Omleiding van smartcards te testen:

  1. Maak verbinding met een externe sessie met behulp van windows-app of de app Extern bureaublad op een platform dat ondersteuning biedt voor omleiding van smartcards. Zie Functies van Windows-apps vergelijken op verschillende platforms en apparaten en de functies van de app Extern bureaublad vergelijken op verschillende platforms en apparaten voor meer informatie.

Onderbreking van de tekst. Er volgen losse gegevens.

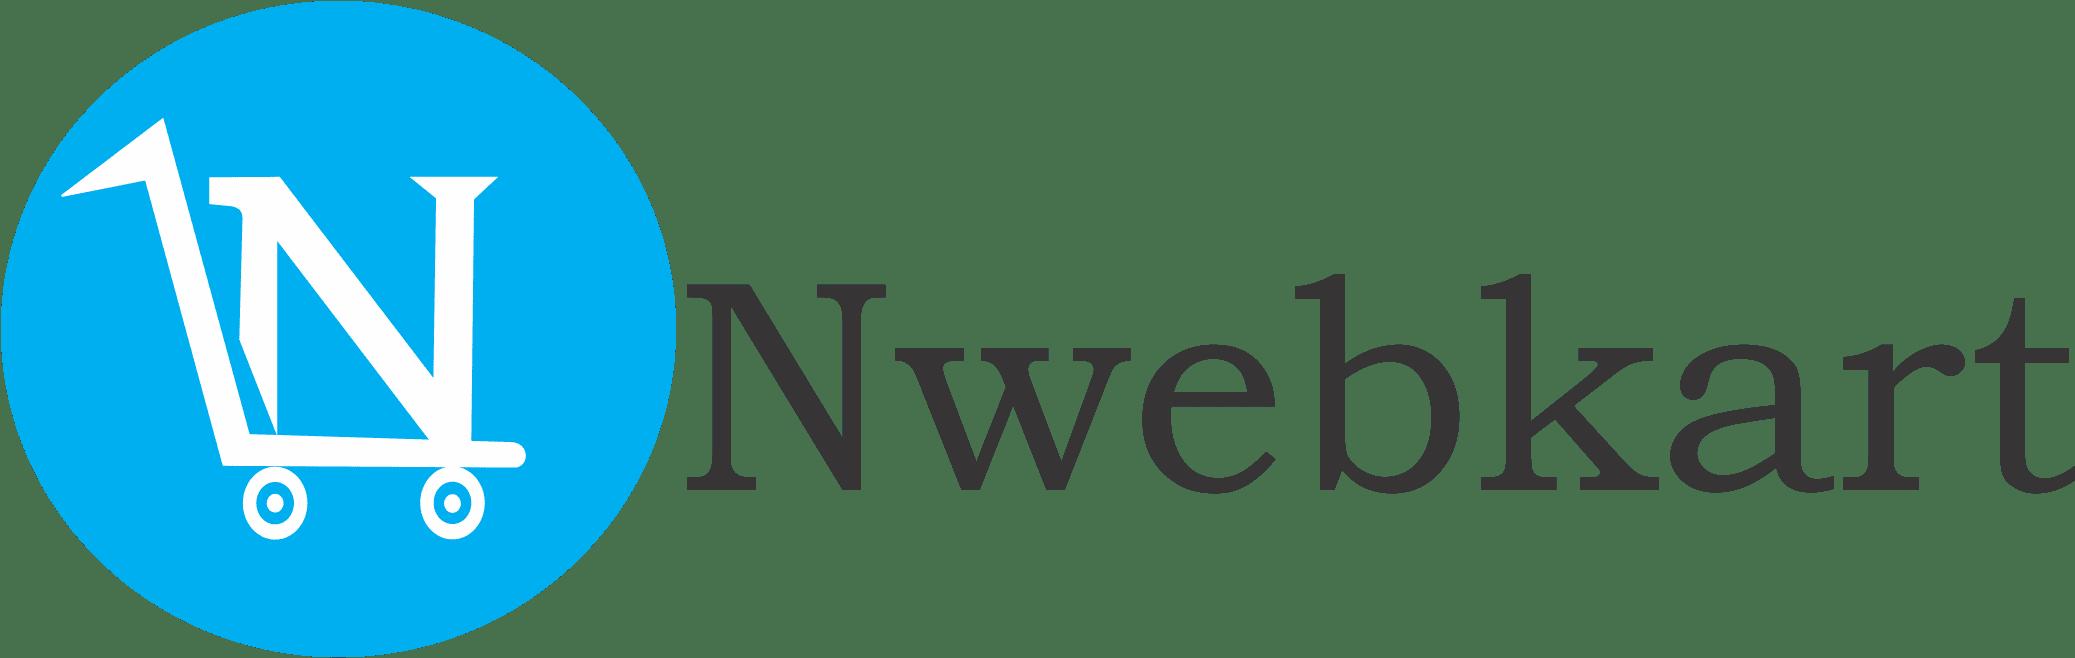 Nwebkart - Creates Online store

  2. Controleer of uw smartcards beschikbaar zijn in de externe sessie. Voer de volgende opdracht uit in de externe sessie in de opdrachtprompt of vanaf een PowerShell-prompt.

    certutil -scinfo
    

    Als smartcardomleiding werkt, begint de uitvoer vergelijkbaar met de volgende uitvoer:

    The Microsoft Smart Card Resource Manager is running.
    Current reader/card status:
    Readers: 2
      0: Windows Hello for Business 1
      1: Yubico YubiKey OTP+FIDO+CCID 0
    --- Reader: Windows Hello for Business 1
    --- Status: SCARD_STATE_PRESENT | SCARD_STATE_INUSE
    --- Status: The card is being shared by a process.
    ---   Card: Identity Device (Microsoft Generic Profile)
    ---    ATR:
            aa bb cc dd ee ff 00 11  22 33 44 55 66 77 88 99   ;.........AB12..
            ab                                                 .
    
    --- Reader: Yubico YubiKey OTP+FIDO+CCID 0
    --- Status: SCARD_STATE_PRESENT | SCARD_STATE_UNPOWERED
    --- Status: The card is available for use.
    ---   Card: Identity Device (NIST SP 800-73 [PIV])
    ---    ATR:
            aa bb cc dd ee ff 00 11  22 33 44 55 66 77 88 99   ;.........34yz..
            ab                                                 .
    
    [continued...]
    
  3. Open en gebruik een toepassing of website waarvoor uw smartcard is vereist. Controleer of de smartcard beschikbaar is en werkt zoals verwacht.